No doubt the inability of the United States to face its historic ethnic cleansing of Indigenous Peoples makes it difficult to deal with the continuing decimation of Indigenous peoples through poisoned water, the government’s failure to live up to treaty obligations and incarceration of political prisoners like the 40 year imprisonment of Leonard Peltier.This is part of a failure to face historic and present realities and provide reparations for the stealing of land and ethnic cleansing of hundreds of millions of Indigenous Peoples. Similarly, the failure to face up to economic injustice and police violence against African Americans grows out of the US not facing up to slavery and brutal segregation or providing reparations for those injustices, except in narrow cases like police torture in Chicago.

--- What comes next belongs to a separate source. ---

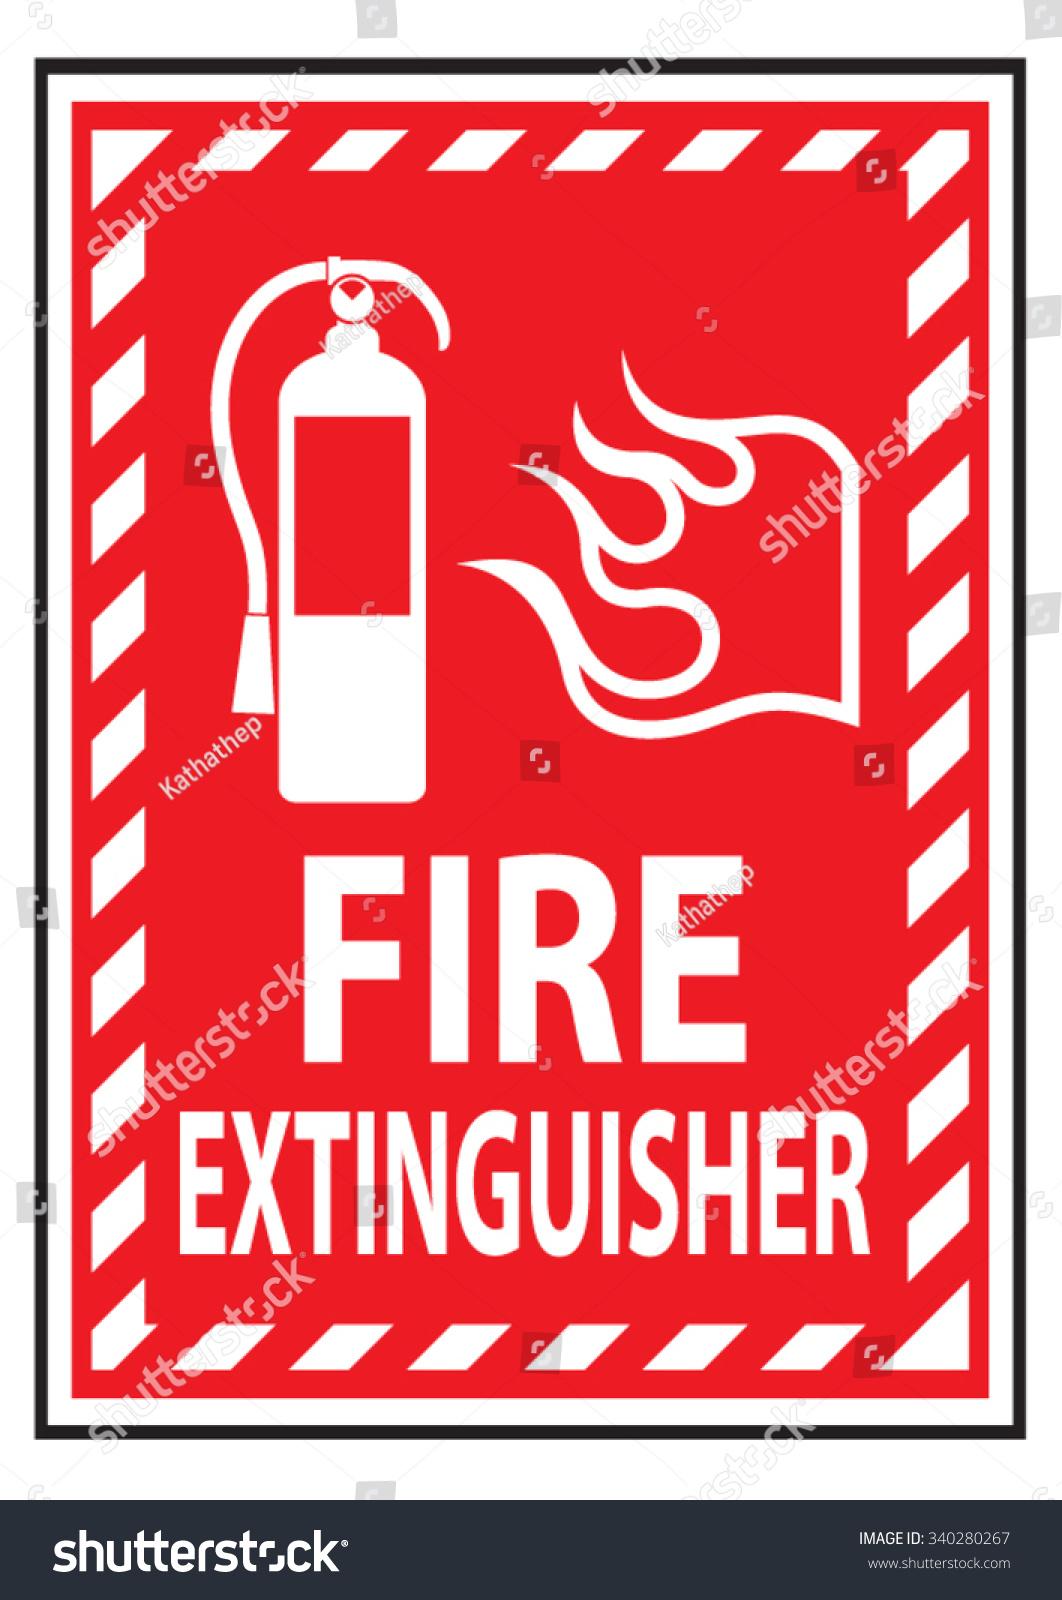 fire extinguisher sign stock vector 340280267 shutterstock

In addition to understanding our individual and organizational roles and how that fits into the current movement, we have to recognize we are in a long campaign against the power structure that is designed for the wealthiest and answers to the oligarchs. We will see progress in our life times but we may not see complete fruition of the seeds being planted for a new economy based on principles of building community wealth for all, democracy and sustainability or for a new form of governance that will emphasize participation and direct democracy, ending the rule of oligarchs.
As this long struggle continues our roles will change as will our strategies and tactics. The important lesson is to remember that all of these roles are necessary and not to let different tactics divide us. We are building a global solidarity movement.